Abstract
Recent advances in the information technology made possible to introduce many Unicode Telugu fonts for the documentation needs of present society. But the recognition of documents printed in a variety of fonts poses new challenges in building Telugu OCR systems. In this paper, we demonstrate multi-font Telugu printed word recognition using implicit segmentation approach that provides segmentation as a by-product of recognition. Our word recognition approach relies on Hidden Markov Models and akshara bi-gram language model to recognize word images in terms of aksharas (characters). The training set of word images is prepared from document images of popular books and the synthetic document images generated using 8 different Unicode fonts. The testing involves matching the feature vector sequence against sequence of akshara HMMs based on bi-grams. The CER and WER of this system are 21% and 37% respectively. The performance of our system is very encouraging.
Access provided by CONRICYT-eBooks. Download conference paper PDF
Similar content being viewed by others
Keywords
1 Introduction
With advances in information technology, many Telugu fonts are introduced for the documentation needs of present society. Recently developed Unicode fonts for Telugu text editing has made the documentation amazing. A wide variety of font types are in daily use for the documentation needs of print, electronic media, and different organizations. Although there are some contributions made to recognize multi-font Telugu printed text [4, 11, 13], they target for the recognition of text printed in a few commonly used fonts and those methods can not be directly used for the recognition of text printed in a wide variety of fonts. Hence, the conversion of document images of multi-font Telugu printed text to machine readable form needs suitable novel methods and the necessity of Telugu OCR system to recognize printed text with variations in font has arisen. In addition to the complexity of Telugu script, printed text with font variations has become a big challenge to the Telugu OCR systems. The Telugu OCR systems need to be robust enough to recognize arbitrary collection of printed documents with font variations and degradations.
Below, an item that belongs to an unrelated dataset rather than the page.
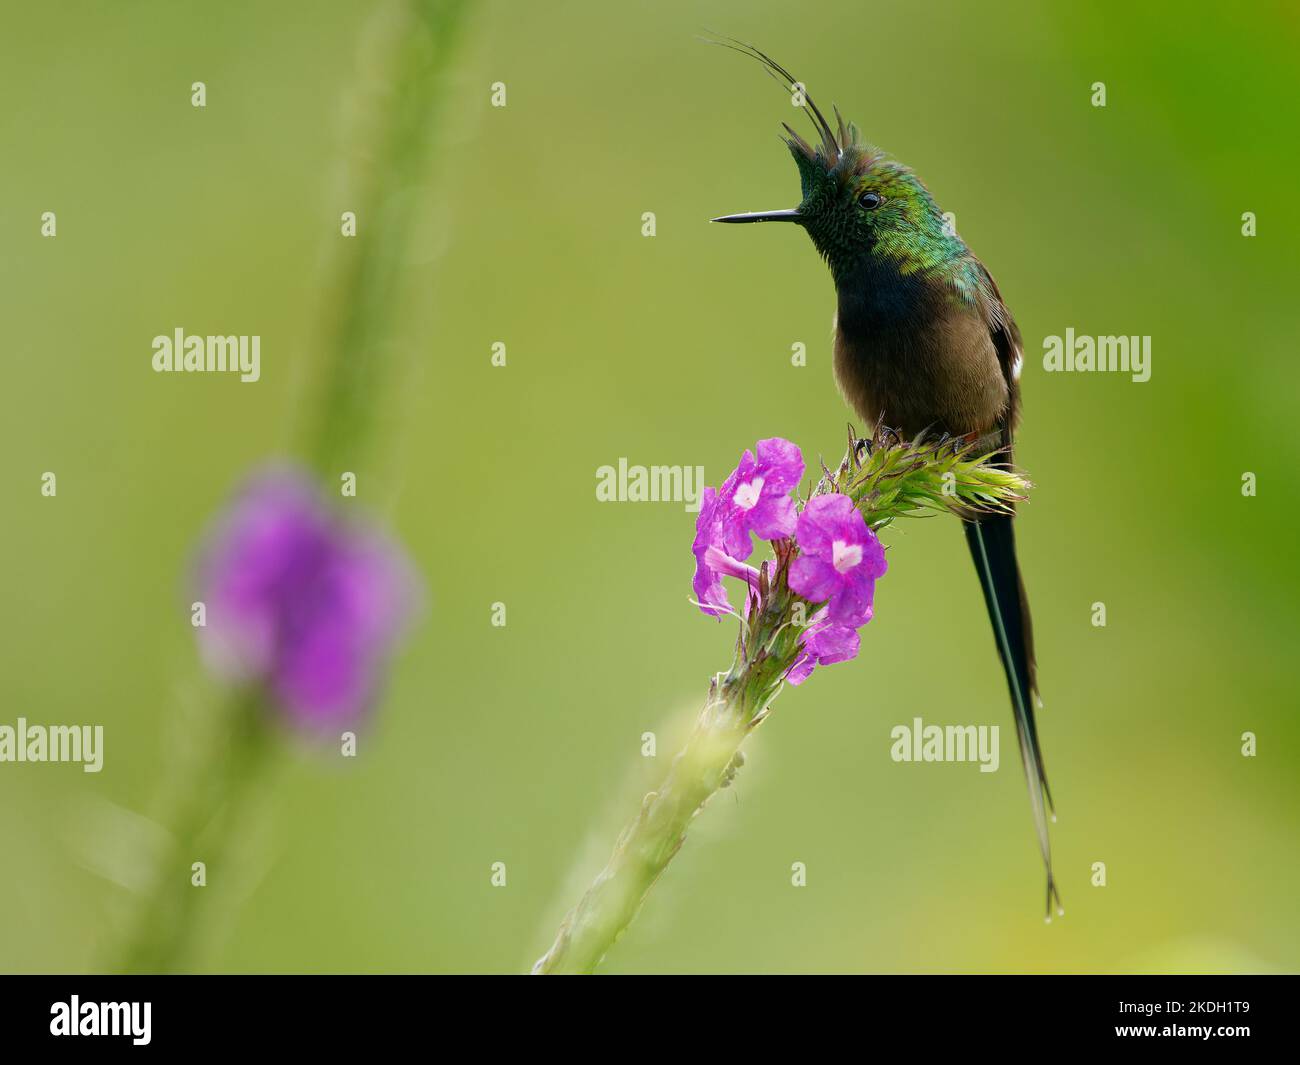 Drahtrand Thorntail - Discosura popelairii grüner Kolibri mit langem Kamm und langem scharfen Schwanz, Vogel auf der violetten Blume und grünem Hintergrund, f Stockfoto

In achieving that there are the limitations such as lack of enough examples with natural variations and lack of documentation available about the possible font variations [4]. In Fig. 1, we show an example of multi-font Telugu printed text.
Telugu language is mainly spoken in two south Indian states: Andhra Pradesh and Telangana. Telugu has its own beautiful script, which is written from left-to-right and the text is composed of aksharas (characters). An akshara is a basic unit of writing that is made up of glyphs. The Telugu orthography has glyphs for vowels, vowel modifiers, consonants, and consonant modifiers. The basic akshara set consists of 16 vowels and 36 consonants, though the script is written from left-to-right, vowel modifiers are placed above the consonants and consonant modifiers are written at the below-left, below, and below-right sides of consonants. According to Unicode, the whole akshara set comprises of aksharas of the form: \(C^*V^*\), where C is a consonant or consonant modifier, and V is a vowel or vowel modifier. In Unicode representation, codes from 0C01 to 0C39, 0C3E to 0C56, and 0C66 to 0C6F are given for Telugu basic aksharas, vowel modifiers and numerals respectively. A special character halant (0C4D) is used to define Unicode representation for a consonant modifier. The development of Telugu OCR system involves akshara recognition, which is challenging due to large number of like-shaped aksharas.
Many of the previous contributions are made for building Telugu OCR based on connected component approach [5, 9] and very few of them used language models for recognition. One of the first work appeared in [13] for the recognition of multi-font Telugu characters printed in three popular fonts such as Harshapriya, Godavari, and Hemalatha in three font sizes. They used connected component approach for segmenting the basic symbols and identified 386 classes of basic symbols that form Telugu basic and compound characters. Based on the type of font used, vowel as well as consonant modifiers may be separated from or connected to a base character that defines the number of basic symbols. They extracted direction features and employed nearest neighbor classifier scheme for recognition.
Another work presented in [11], they explored multi-font Telugu character recognition using histogram of oriented gradients (HOG) features extracted on samples of 359 character classes printed in 15 fonts and SVM classifier is trained. The work presented in [4], they described how to recognize robustly seven major Indic scripts despite font variations and large degradations. They used profile features to represent a word image as a feature sequence and bidirectional long-short term memory (BLSTM) recurrent neural network scheme is used for classification. This neural network scheme allows words to be presented as a sequence of unsegmented features in order to overcome the character segmentation issues in Indian Languages. In [1], they demonstrated omni-font English and Arabic character recognition systems using HMMs. In the literature, many contributions appeared for building character recognition systems based on HMMs in [2, 3, 8, 12].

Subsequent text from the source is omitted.